Only one male newborn, out of the total 7,312 males screened, was found to have a full mutation at the UCDMC site. A large screening of newborns (n = 36,154) reported a prevalence of 1:5,161 in males ; however, our sample size is too small to be confident of a prevalence estimate for the full mutation. Indeed, one would need in excess of 70,000 samples to estimate a prevalence of 1:5,000 and 95% CI within a 50% margin of error.
Although the CGG size distribution did not show a difference between the two genders and among different ethnic groups, differences were detected in the prevalence of expanded alleles. Specifically, the prevalence of gray zone alleles was higher in White males compared to Black and Hispanic males. Differences in the prevalence between the different ethnic groups were also observed for the premutation alleles; however, they did not reach statistical significance likely due to the small number. It is important to consider the potential difference in prevalence of premutation alleles in different populations as this could explain both the differences in premutation prevalence and the incidence of FXS among different studies.
Identifying and reporting babies with a premutation is somewhat controversial, with important arguments on both sides of the equation. One argument in favor of disclosure is the potential benefit for extended family members, in terms of genetic and reproductive counseling. Some of these family members may be suffering from clinical problems related to the premutation or full mutation segregating in the family, and can benefit from knowledge of their condition to help direct treatment . Identification of babies with the premutation can also lead to early intervention or treatment when needed with appropriate follow-up . Although premutation babies are far less likely to show developmental problems than full mutation babies, some are at risk for learning problems, ASD, or seizures, and early intervention will be important to implement if developmental problems emerge in follow-up [5, 9, 70, 71].
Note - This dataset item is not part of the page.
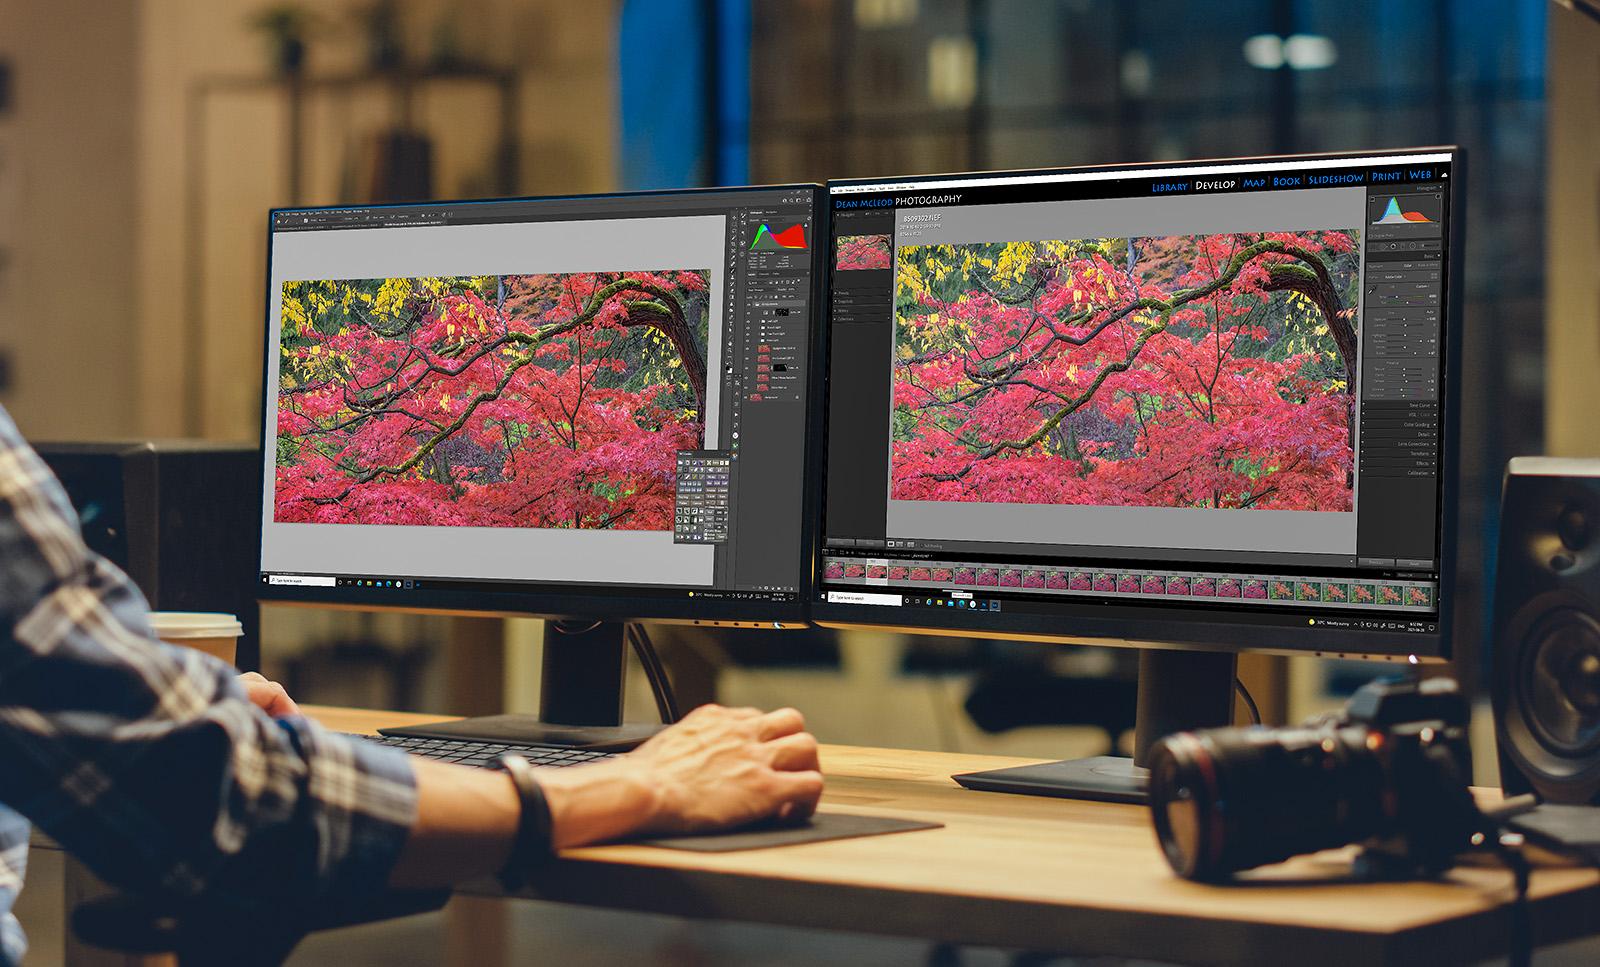 Processing an image using dual monitors and editing software.

On the negative side of identifying FMR1 premutation carriers at the time of birth is that the family is told of possible future problems related to the premutation that may or may not develop, including FXTAS, and this may cause excessive worries for the family, especially since the certainty of problems will be unknown. Many families may not want to know about carrier status, and a robust consent process is needed to assure that families understand the kind of information that could be learned from FX screening. The high rate of carrier detection makes clear the burden that screening would place on genetic counseling.
The identification of a newborn with the premutation or the full mutation can create the need for cascade testing throughout the family. Some family members will be interested in knowing if they are carriers, especially if they have medical problems that may relate to premutation involvement. These types of problems include depression, anxiety [12, 78, 79], autoimmune problems, such as fibromyalgia or hypothyroidism [8, 11], hypertension , sleep apnea , neuropathy, FXPOI and FXTAS. In our study, the largest family so far identified through cascade testing after the newborn was identified as a carrier had 16 additional carriers identified, including a great grandmother with probable FXTAS , several great aunts with neurological problems, others with emotional difficulties and female carriers with significant needs for reproductive counseling. Although it is unclear whether all of these problems are a direct result of the premutation alone, it is clear that there is a need to test extended family members in relation to premutation and full mutation disorders. However, the time and energy of the counseling and health care professionals for cascade testing of identified families may be a limiting factor on how many individuals in one family tree can be identified.